La siguiente publicación, es un relato que lamentablemente se salió de control en su extensión (por decirlo de algún modo). Ofrezco mis disculpas, reconociendo el valor de vuestro tiempo.
Espero también, encuentren en él, algún valor que endulce vuestra lectura.


La hacienda
I
Como mudos testigos de la bonanza económica de aquel pueblo, quedaban grandes galpones donde se procesaba la lana de oveja que en otros tiempos alcanzaba para dar empleo, incluso, a trabajadores de pueblos y ciudades distantes. Pero esos fueron otros tiempos. Con el advenimiento de la industria textil y la utilización de telas sintética, muchas cosas estaban cambiando en el mundo rural, y claro, aquel pequeño pueblo no era la excepción. Como era de esperar la oficina de correo, así como la del alcalde, estaban desiertas. Sólo algunas casas aún estaban habitadas, pero distante una de otra, como si sintieran vergüenza de su lamentable abandono. La avenida central que cruzaba el pueblo era ancha, empalmando en cada uno de sus extremos con un camino rural en dirección norte-sur. La activad comercial próxima a la avenida era escasa, quedando reducida a un hotel y unos pocos almacenes donde se podía conseguir algunos víveres.
El tren cumpliría un itinerario del cual no pude ser completamente notificado al momento de adquirir el pasaje. Me armé de ánimo y acepté el contratiempo, que sí bien no afectaba mí partida del pueblo, agregaba incertidumbre sobre la hora de arribo del tren a la estación. La persona que extendió el pasaje me tranquilizó, al asegurar que avisaría por teléfono, para que el tren realizara la detención en el pueblo el día de mañana. Salí de la oficina de venta que estaba ubicada casi al extremo norte del pueblo y encaminé mis pasos hacia el hotel. En todo el trayecto no me crucé con más de cinco personas; lo atribuía al frío reinante y la promesa de lluvia para ese día, que se manifestaba en gotas aisladas proveniente de las nubes obscuras que pasaban sobre nuestras cabezas. El frío para mí era completamente tolerable, incluso disfrutaba su efecto. Mientras caminaba, chequeaba en mí cabeza el procedimiento realizado el día anterior, con la notificación de remate que se llevaría efecto sobre una de las últimas haciendas ovejeras; revisé mentalmente todo el procedimiento y los formularios involucrados en el proceso: Parecía todo en orden.

II
-Buenos días, señorita ¿El señor Brown se encontrará?- Pregunté de la manera más cordial posible, suponiendo la molestia que aquella visita les podría ocasionar.

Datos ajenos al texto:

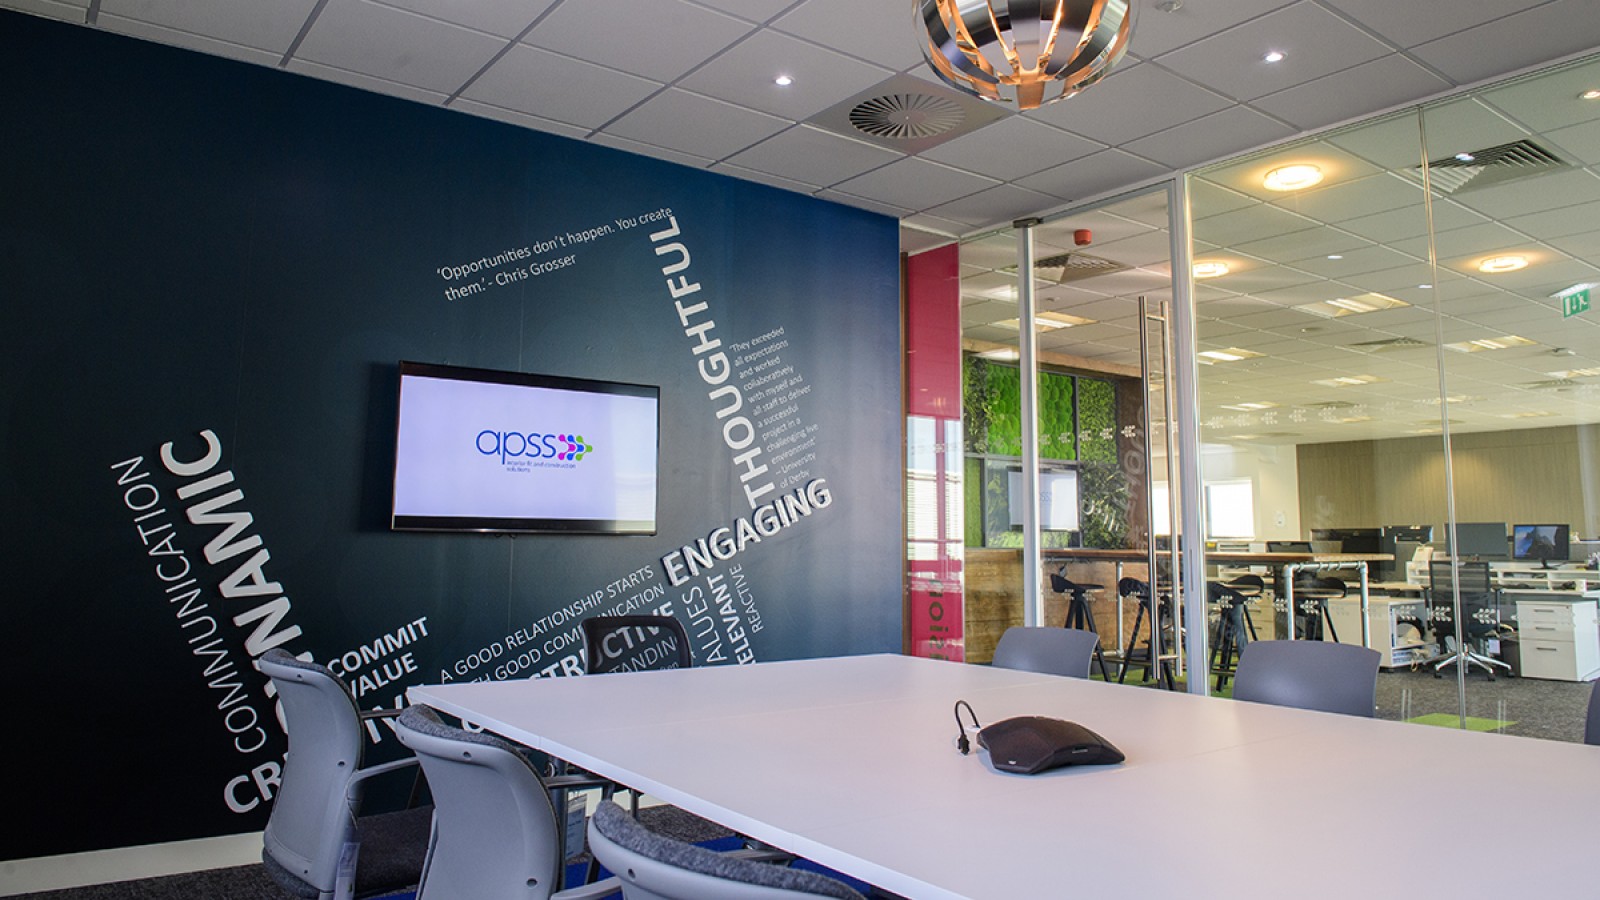 The interior of a newly refurbished office, with a table, chairs, feature wall with text, and screen showing APSS logo

–Adelante, mí padre lo está esperando en el despacho- Respondió de manera educada pero carente de familiaridad –Tenga cuidado con el desnivel en la vereda- Me advirtió.
Ingresé a una casa hermosa, llena de historia, con tonos pasteles en sus muros y delicados cortinajes que permitía ver la silueta de un paisaje maravilloso que se perdía a lo lejos entre cordilleras y quebradas. El amoblado era de finísimas terminaciones; mullidos sillones acompañados de mesitas de centro y esquineras. Todo esto entregaba al conjunto un aire de refinado buen gusto y equilibrio, carente de todo exceso.

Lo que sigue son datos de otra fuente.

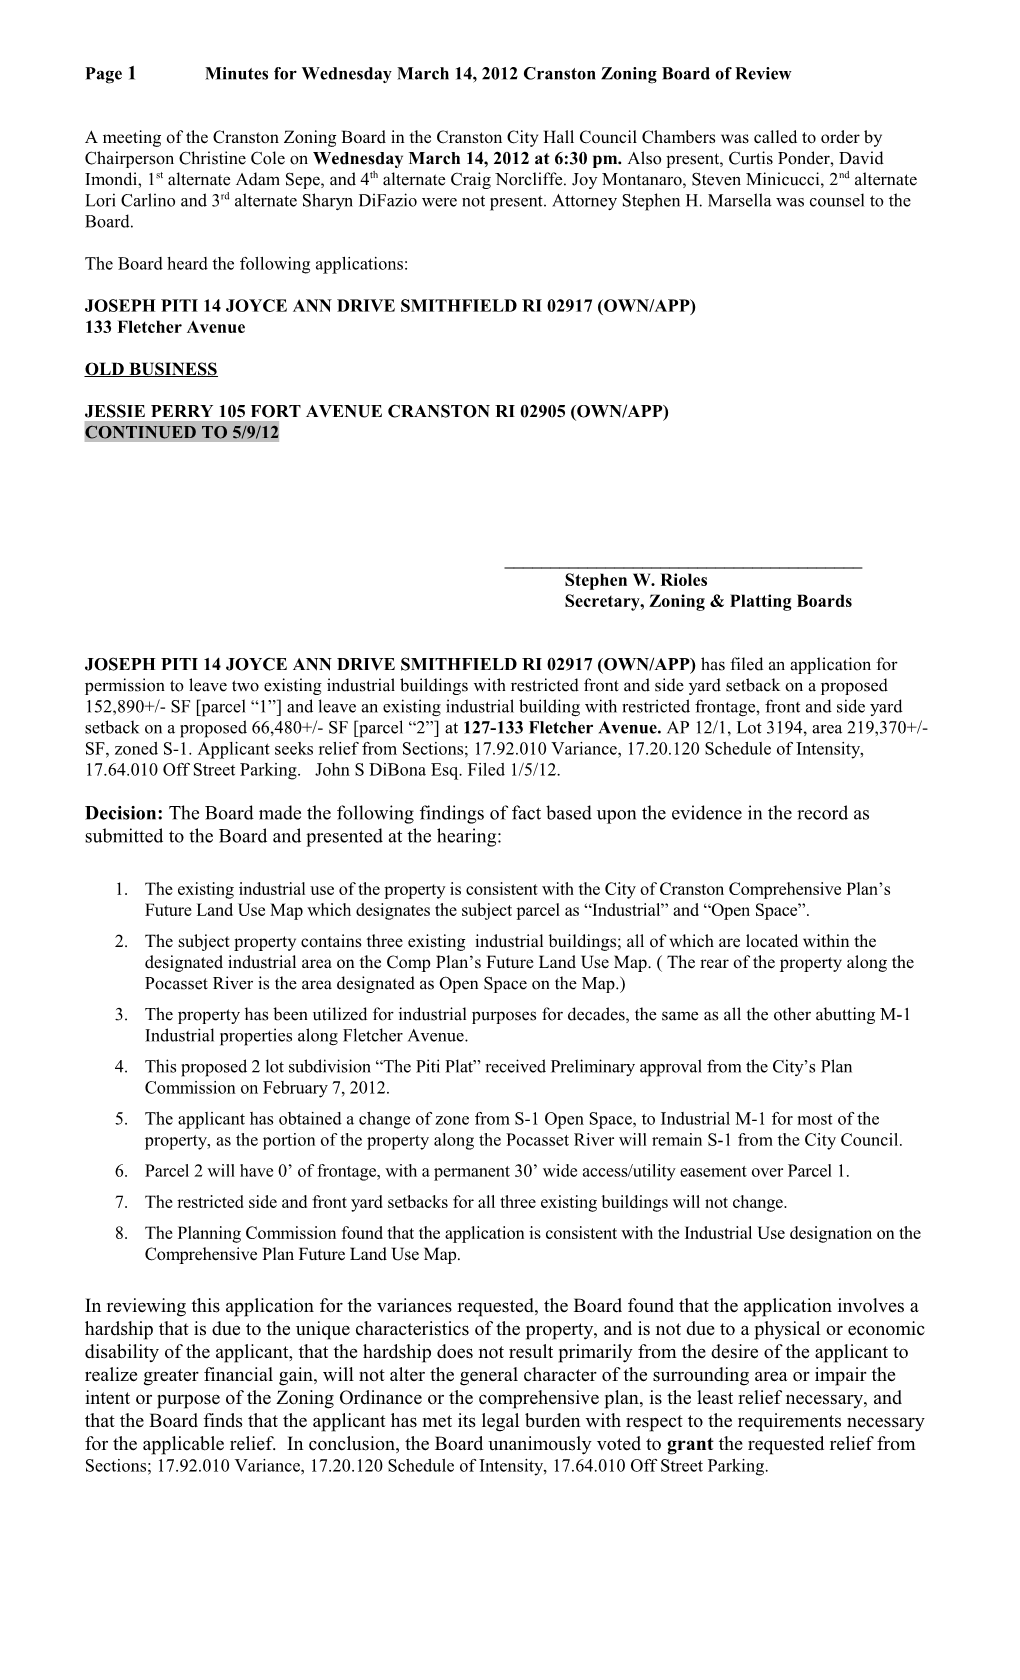 Page 1Minutes for Wednesday March 14, 2012Cranston Zoning Board of Review

-Mí padre lo recibirá enseguida, señor…- Me quedó mirando a la espera que le digiera mí nombre, el cual no recordaba o simplemente quiso jugar un papel de ingenua indiferencia.
–Vicuña, David Vicuña- Respondí con una mirada de cordialidad.
-¿Gusta beber algo, señor Vicuña?
-Un café disfrutaría mucho, con todo este frío de la mañana. Gracias.
-Haré que lo traigan de inmediato. Ahora, si usted me disculpa, tengo cosas que atender.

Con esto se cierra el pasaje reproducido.